1 pound spinach, kale, collards or beet greens (or mixture of all) (I’ve also used mustard greens)
2 cloves garlic, pressed or minced
2-3 tablespoons curry powder
1 cup finely chopped tomatoes (fresh or canned)
1 tablespoon tomato paste
1 tablespoon brown sugar or other sweetener
Sauté medium: water, broth, cooking spray
1 cup onion, finely diced
3/4 pound brown potatoes, peeled and cubed (I use sweet potatoes or yams)
1/4 cup chopped fresh cilantro (optional)
Wash and drain greens, removing coarse stems and midribs. Cut into 1/2-inch strips. (You can buy many of the calcium greens in bags already prepared this way.)
In small bowl, mix together garlic, curry powder, tomatoes, tomato paste, and sweetener/sugar.
Heat sauté medium of choice (water, cooking spray, broth, or oil) and sauté onion over medium-high heat until it begins to brown. Add spice-and-tomato mixture, mix well, and cook for a few minutes.
Add potatoes and 2 cups water.
Mix well, bring to boil, reduce heat, cover and cook for 10 minutes.
Add greens and cook for 10 minutes more, or until potatoes are done.
Correct seasoning to taste. Garnish with cilantro if desired.
Posted by Portia to the VegSource Eat to Live Board.
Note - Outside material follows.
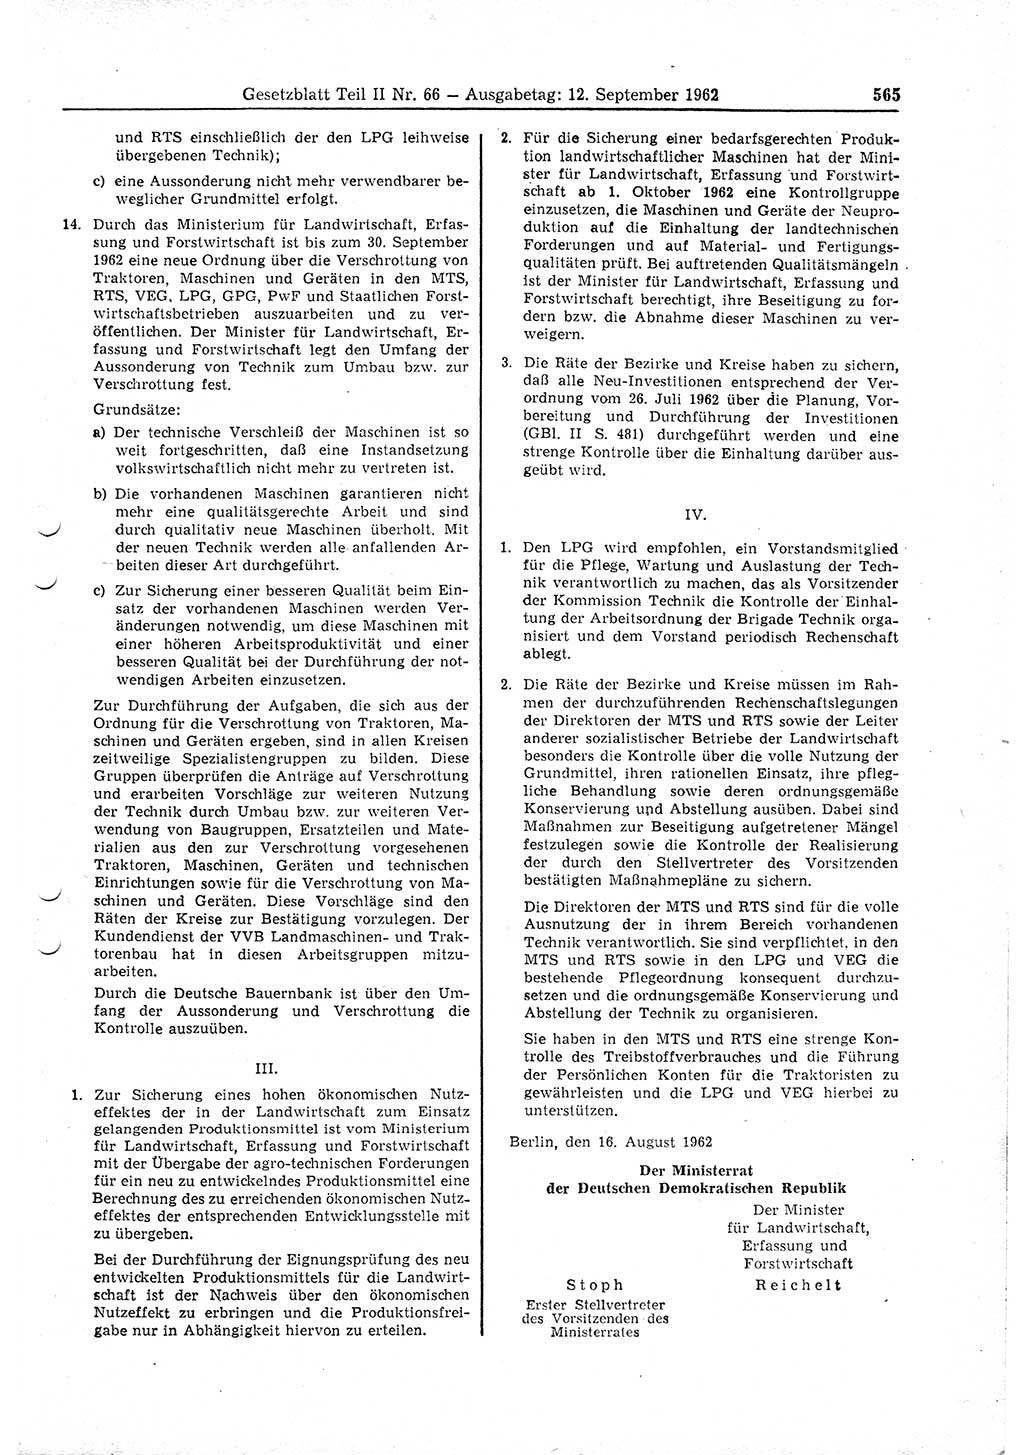 Gesetzblatt (GBl.) der Deutschen Demokratischen Republik (DDR) Teil ⅠⅠ 1962, Seite 565 (GBl. DDR ⅠⅠ 1962, S. 565)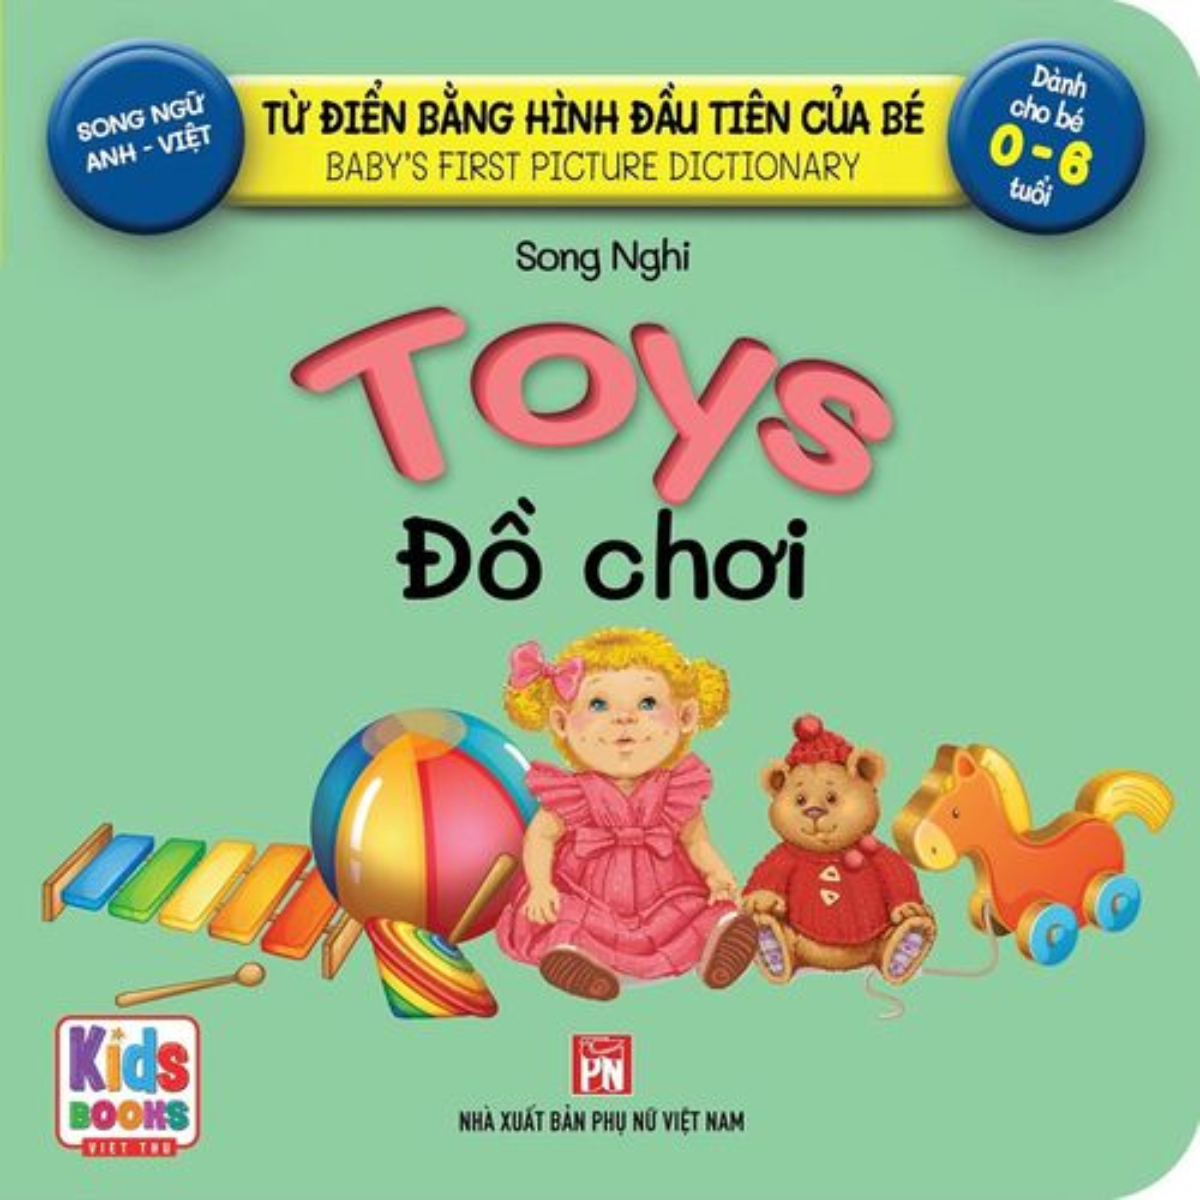 Từ Điển Bằng Hình Đầu Tiên Của Bé - Toys - Đồ Chơi (Song Ngữ Anh-Việt)

October 14th, 2012 at 9:18 am
Results were stupendous, and a “normie” loved it! I had to leave out the tomato paste, as mine had gone bad, and I left out the sweetener as I’m doing strict ETL and don’t have any sweetener in the house. So, to sum up, here is how I modified it with great results:
Doubled the greens
Omitted tomato paste (but will use next time)
Omitted sweetener
Added cooked lentils for more protein
I’m considering breaking the the strictness of ETL and adding raisins next time (word to the wise, though, only add them at the end of cooking, or they lose their flavor).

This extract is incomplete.